Posted November 17, 2022

James Altucher

I've had every one of these bad habits. And I've lost a lot of money along the way. I've been so stupid at times. In 2000. In 2008. And many times before and after.

But bad habits can swallow you up (A fixed mindset: "I'm a bad investor and a bad person") or they can help you grow ("I can work hard and learn from this").

Hopefully I've done the latter but I guess I won't know until I'm dead. I can say I've gotten a little better.

One way to make more money investing is to have good habits. But another is to simply get rid of bad habits.

For instance, I know many people who invested in FTX. They've lost their money. But by investing in FTX they've learned the crypto landscape well enough to know that money is now fleeing into the alternatives.

Companies like Coinbase or DeFi exchanges like Uniswap.

Or they are simply buying Bitcoin on the Nasdaq by buying the stock GBTC which trades now at a 40% discount to its net asset value.

Bad habits need to turn into Good habits over time in order to become a successful long-term investor.

Here are some of those bad habits:

1. Position sizes too large or too small.

Position sizing is a complicated subject.

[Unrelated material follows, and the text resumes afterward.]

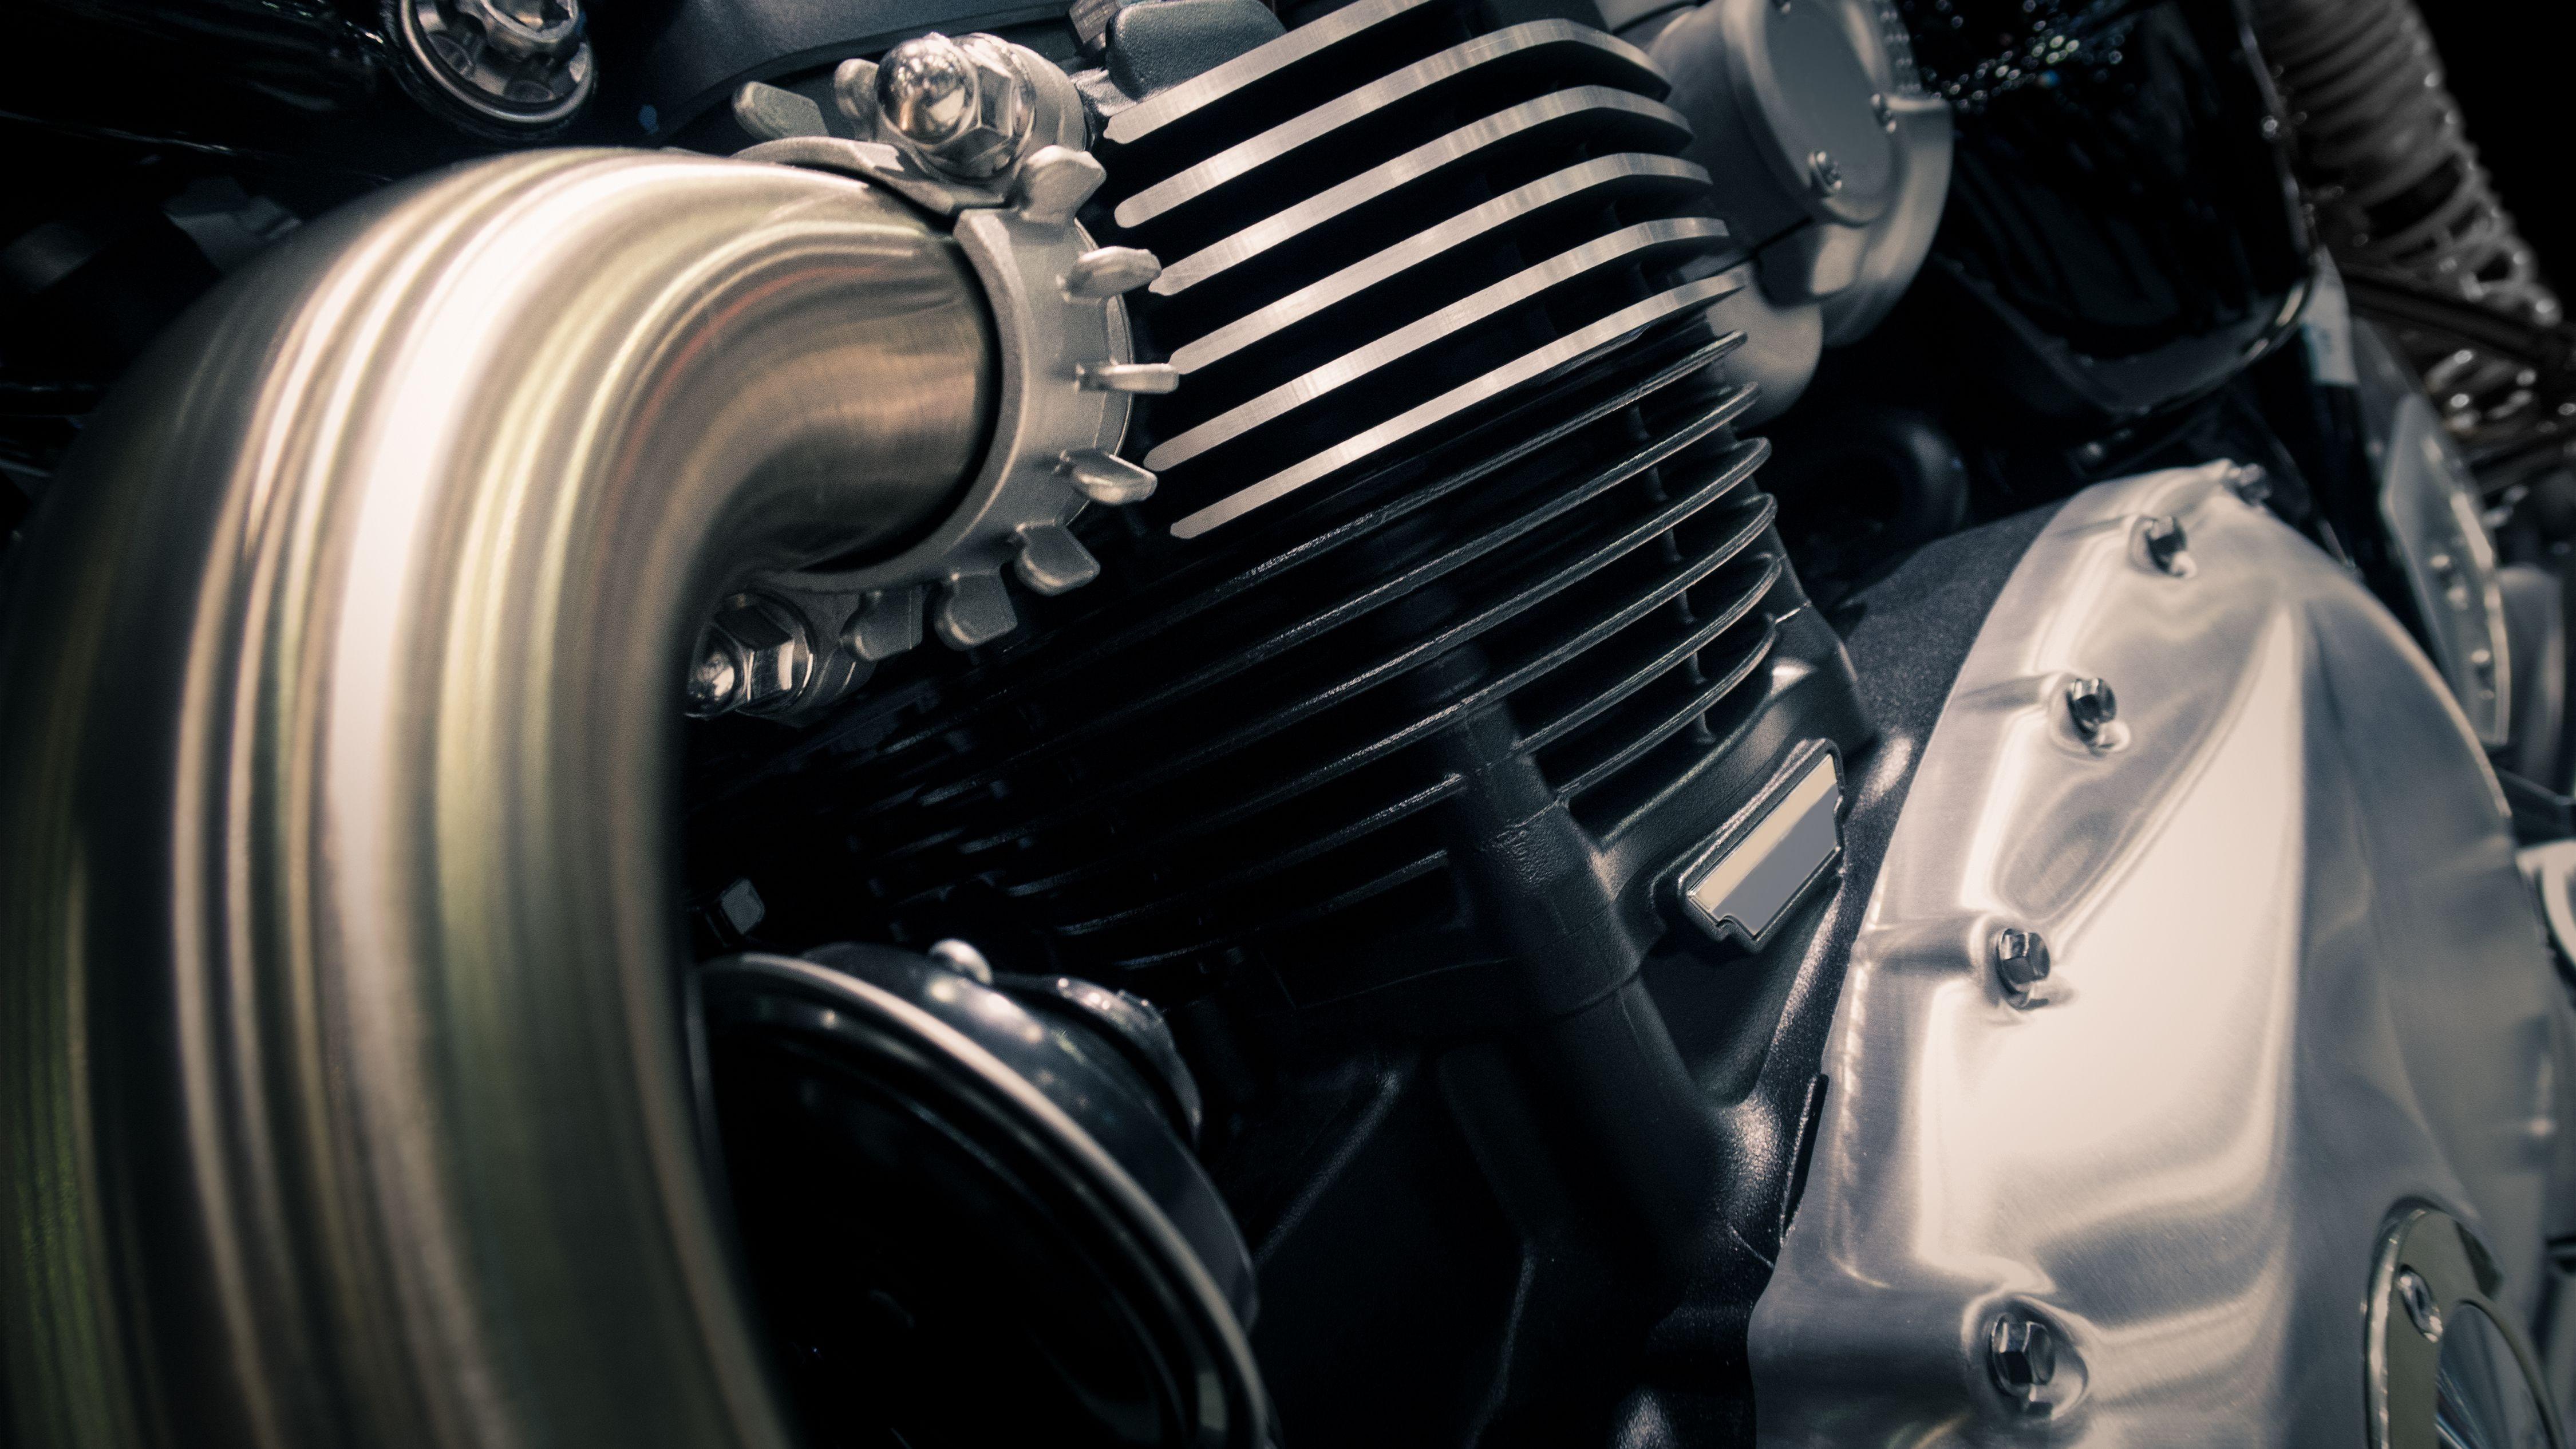 4 Stroke Dirt Bike Engine Diagram Reasons for A Motorcycle Not Starting Of 4 Stroke Dirt Bike Engine Diagram

It depends on the risk-reward of an asset, the probabilities of success, your personal mindset (i.e. how much you can bear to lose - both financially and emotionally), the length of time you hold the asset, the volatility of the asset, whether on margin or not, etc.

As an example, for me, if I am first investing in a stock, 1% of my portfolio is the right position size. Same for private investments. This is down from 80% of my portfolio 22 years ago (I was stupid).

2. No gambling.

I need to know what my advantage is in investing. If I am just guessing or I "think" this will go up because it's gone down too much then that is not good enough.

I need to have some reason to think that my knowledge about the asset is more than other people's. Not in an "inside information" way but perhaps my experience, or the experiences of people I know, or see other smart investors in there, etc.

This does not mean the investment always works out because I have some extra advantage. It's just a way of de-risking.

3. Not Testing

As much as possible, test your strategy. If you have an idea that says, all stocks with bad earnings reports go down for four days and then go up on the fifth, then figure out how to test that idea. You can use software like "Wealth Lab" , sold by Fidelity, to easily test ideas like this.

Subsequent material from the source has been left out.